Benchmarking and the single thread
If you work in tech long enough, you get to see a few cycles and turnovers. I’m not talking about cell phone X to cell phone Y, I’m talking hardware generations. I started running benchmarks long ago, and have written here on a few forays. One of the most recent (relatively) last things I wrote on SCN was Fast Is Not A Number . After nearly 2 years, I still haven’t seen any official SD benchmarks requested there.
Meanwhile, SD benchmarks continue to be certified and published under SAP’s purview, which I and others track. Hardware vendors have fun volleying charges back and forth about the meaning of the numbers and the value to users. I won’t link those here; let me know if simple searches don’t bring them to light. I’ll admit to my biases (like UNIX over Windows, Oracle over another DB), but try to remain nonpartisan when evaluating one vendor choice over another. While the test results being published here are about Oracle database software (hence this space versus an application software space versus a hardware space), they could be extrapolated to other databases and software on differing hardware. With all the tests I’m running, these benchmarks make sense to discuss on SCN.
More preamble – the results shown below are metrics of transactions per second. That is but one dimension one can use to decide which solution is acceptable. While I cannot and will not discuss license terms, I think it is well known that CPU based counts are often used by vendors. Sometimes it’s based on hardware class, so larger systems cost more per user, but in some cases you need to control costs by restricting where certain code can run. Put it another way, any hardware performance increase or tweak that doesn’t tick over the the software license meter is worth looking into.
Intel, IBM, and other chip designers have gone to higher parallelism, in varying ways, not to mention the virtualization and grid techniques that expand problem solving and number crunching to new dimensions. Here, I’m only looking at IBM Power CPUs (I have benchmarked other CPUs as they were made available to me). I’ve used some variety of these since Power4. I’ve also used the software package called “orabm” for about 10 years.
What is “orabm”? This cool application was produced, and is still available, from linxcel, which has also released a more comprehensive transaction throughput monitoring suite they call “orastress!!” (I always forget if it has one or 2 exclamation marks). To prepare this suite, run SQL statements to create and load the sample tables, then run the compiled benchmark controller. I have not built the module in a while, but I don’t think any compiler changes will affect the results.
No doubt I’ve left out details some might find pertinent, as once you get started on 20 or 30 separate test modules there may be assumptions left unstated. I’ll respond in the comments as best I can, and will try to explain any omissions or unanswered threads.

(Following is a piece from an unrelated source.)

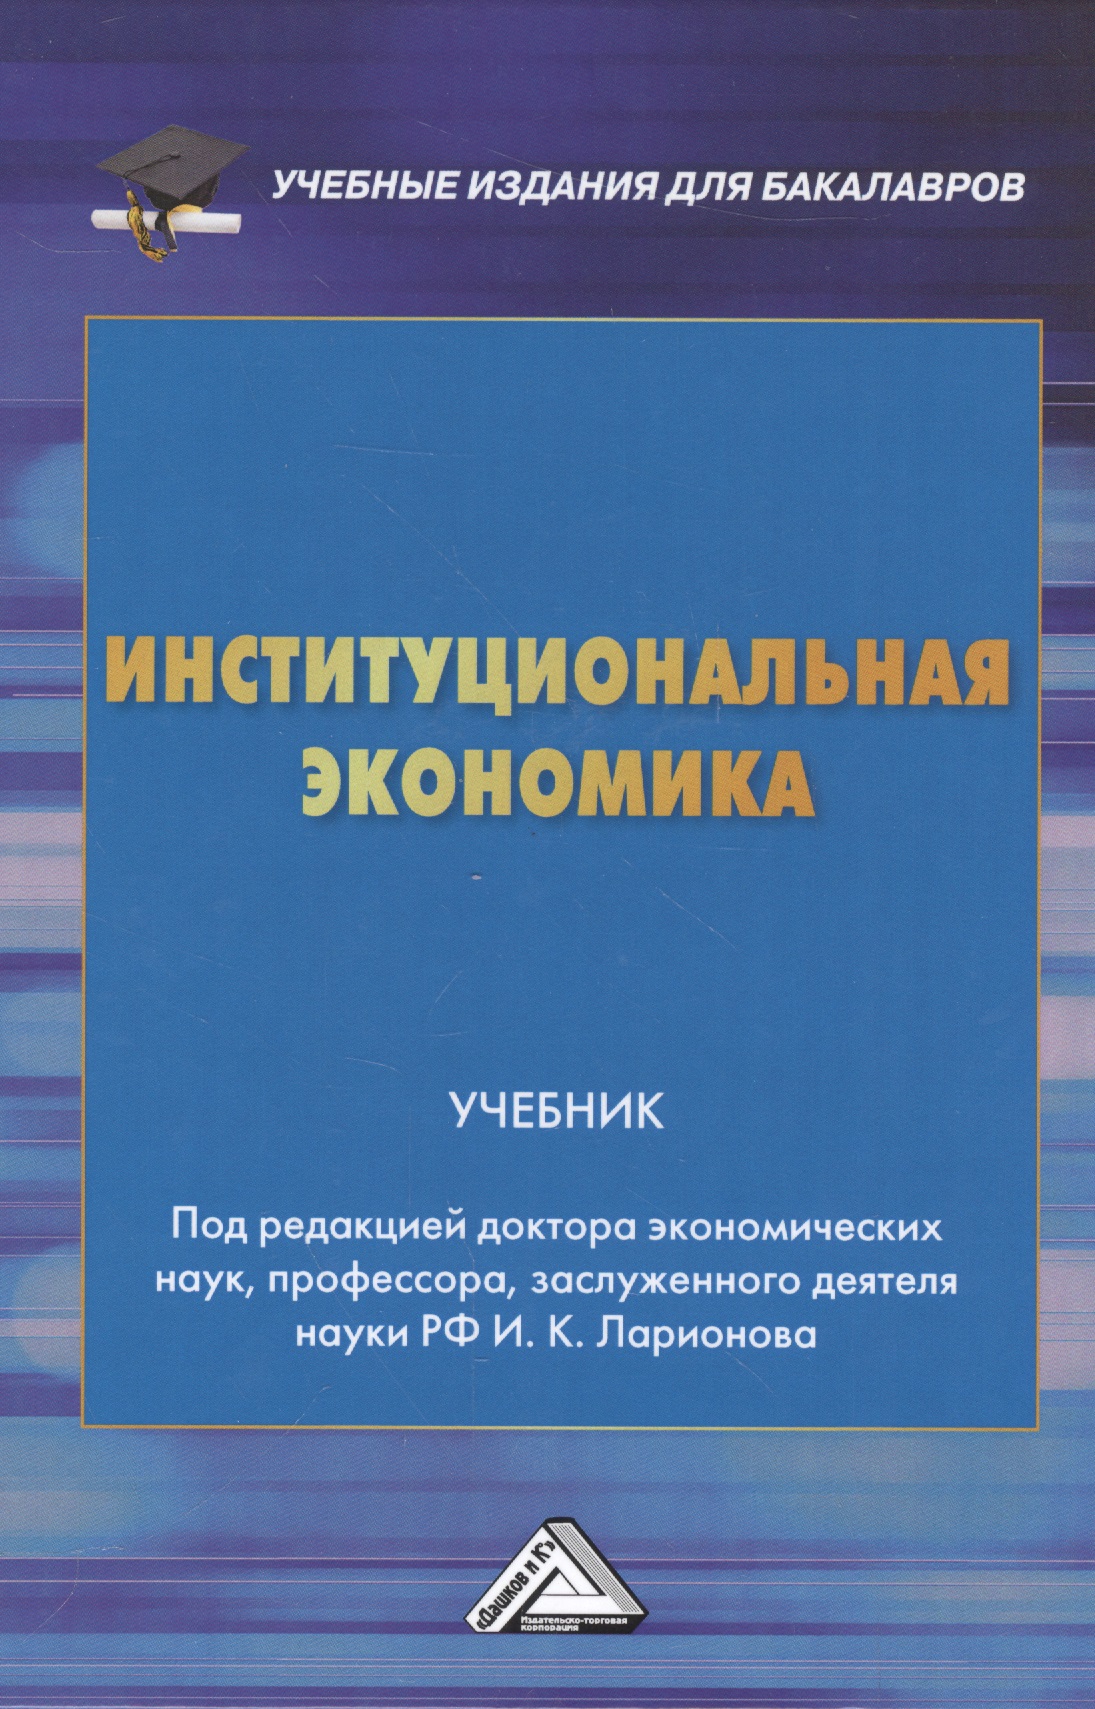 Институциональная экономика: Учебник для бакалавров носова светлана сергеевна институциональная экономика бакалавриат учебник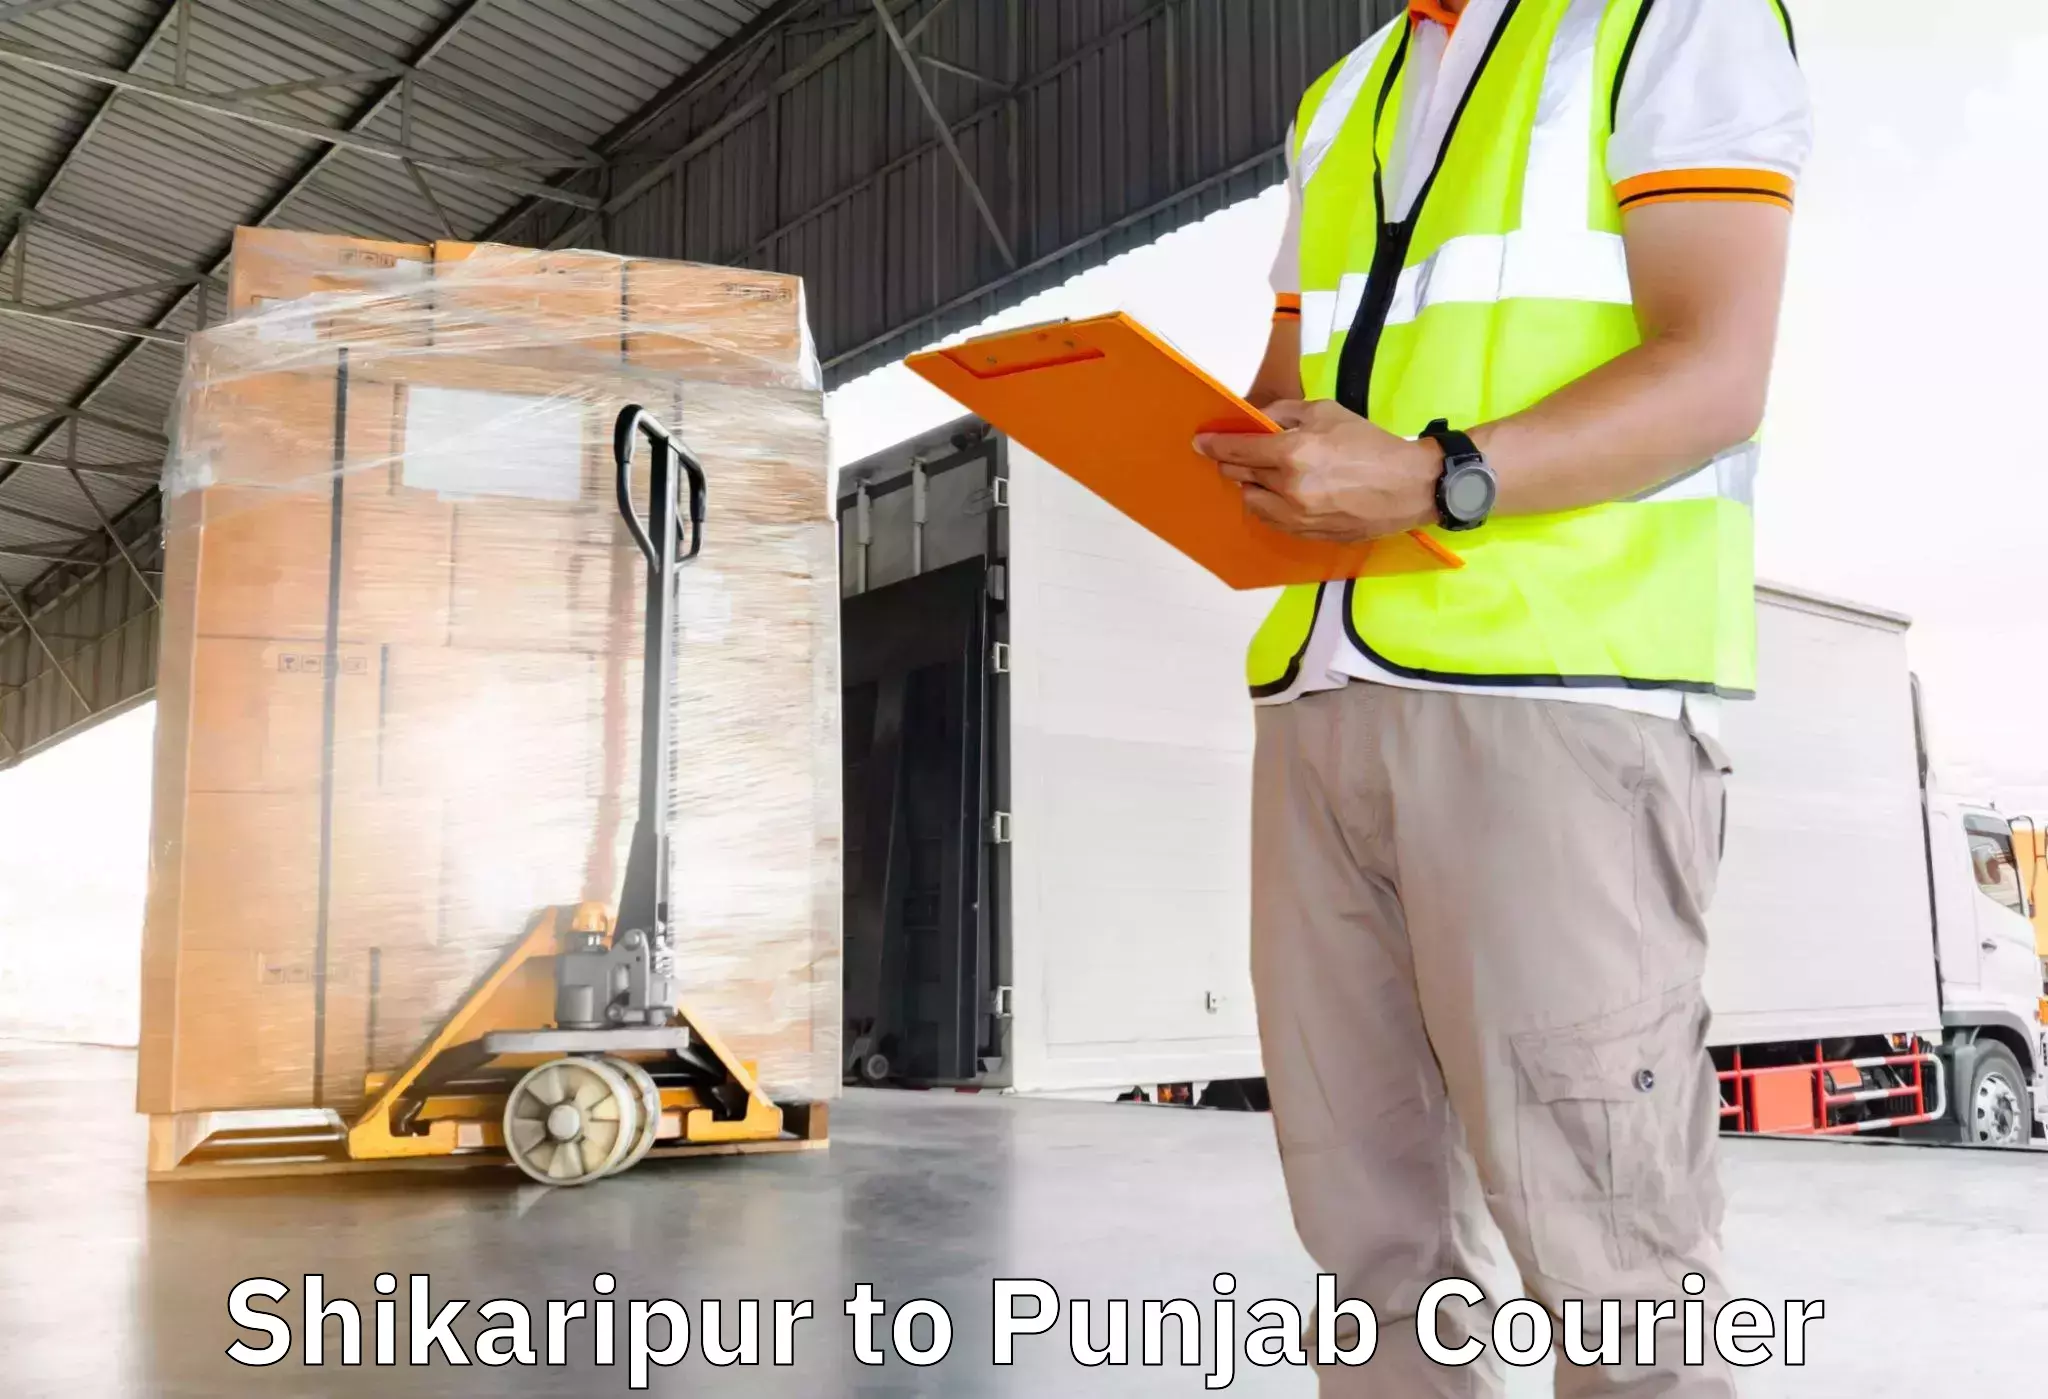 Flexible moving solutions Shikaripur to Jhunir

Back to the title ‘Single threaded” – does threading help? Not just in benchmarks, but in actual production code? I have to ask, since the CPU specs these days throw around a lot of terms, from hyper-threading to symmetric multi-threading to other parallel turns of phrase. I’ll explain the implications after I review the numbers. Naturally, there is a spreadsheet behind this, and no, you can’t have it.
First stipulation – I ran several iterations with varying numbers of parallel sessions being created. The performance results can vary depending on adapter settings, network stack design (not just the OS, but the hypervisor too), etc. The suite reports transactions per second for each parallel run. There’s a shell script that converts the parallel results into transactions per second overall. That’s because we want to know the big picture.
Earlier results are for Power5 and Power6 CPUs. The most recent tests are from the same system starting on a Power7 frame (salmon-colored dots), which was then moved to running on Power8 (light blue). No reboot happened (which is great for, um, non-disruption). The TPS went from roughly 1,500 to over 2,000. As it turned out, that partition was still in Power6 mode, where it had been running only last year.
The planned system reboot activated more CPU features, though not everything. The larger blue diamonds show another bump up, without an OS change/patch, and without changing anything except the SMT flag (from “2/Active” to “4”). Here, the TPS are over 3,000, with one blip close to 3,500 (that’s the kind of outlier I’d throw away once I had more repetitions).
The top 2 sets of results are after an operating system upgrade (from AIX 6 to 7). Another perceptible performance bump, to the 4,000 TPS range. One set was with SMT-4, the other with SMT-8. Though there may be a minor performance benefit to the latter visible in this test, I don’t see this as significant. Whether other code with higher threading architected will benefit remains to be seen. No predictions from this groundhog on that front.